Perintah dari Yang Maha Pengasih inipun memiliki hikayat tersendiri. Kisah tersebut seakan dibahas setiap tahunnya. Cerita tentang seorang hamba bernama Ibrahim yang dikaruniai anak setelah sekian lama, kemudian mendapat perintah dalam mimpi untuk menyembelihnya.

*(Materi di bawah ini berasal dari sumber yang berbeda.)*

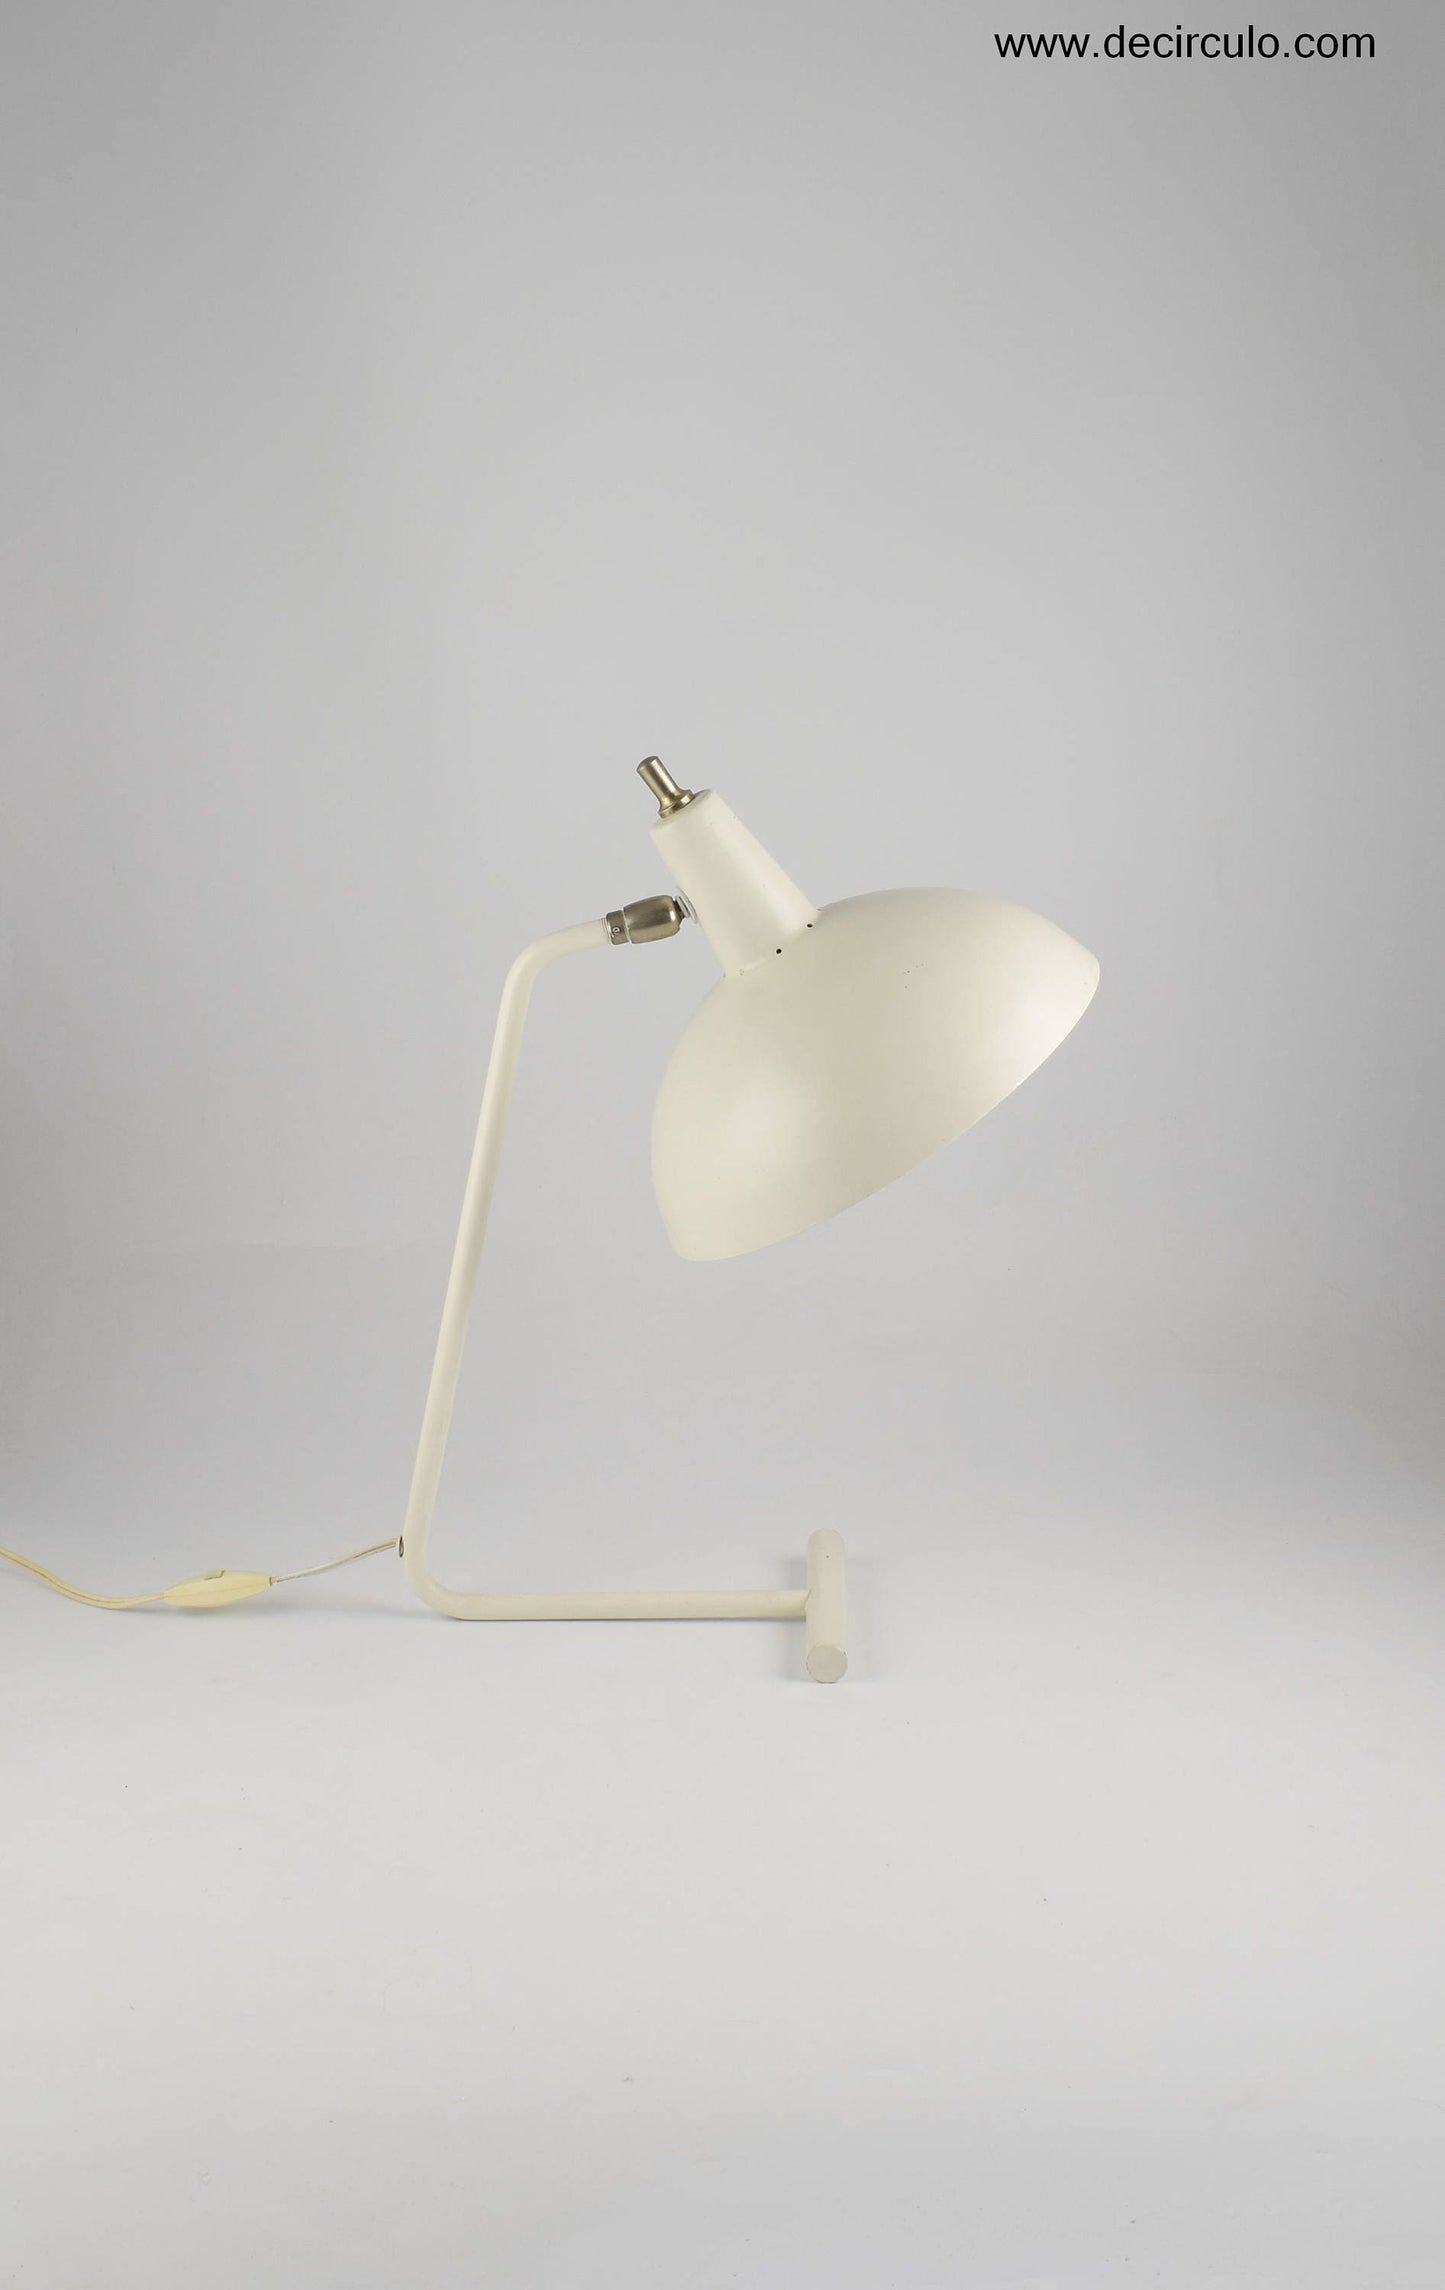 Anvia Almelo desklamp or table lamp by J.J.M. Hoogervorst model 6019

'(100) (Ibrahim berdoa,) "Ya Tuhanku, anugerahkanlah kepadaku (keturunan) yang termasuk orang-orang saleh." (101) Maka, Kami memberi kabar gembira kepadanya dengan (kelahiran) seorang anak (Ismail) yang sangat santun. (102) Â Ketika anak itu sampai pada (umur) ia sanggup bekerja bersamanya, ia (Ibrahim) berkata, "Wahai anakku, sesungguhnya aku bermimpi bahwa aku menyembelihmu. Pikirkanlah apa pendapatmu?" Dia (Ismail) menjawab, "Wahai ayahku, lakukanlah apa yang diperintahkan (Allah) kepadamu! Insyaallah engkau akan mendapatiku termasuk orang-orang sabar."' (As-Saffat/37:100-102)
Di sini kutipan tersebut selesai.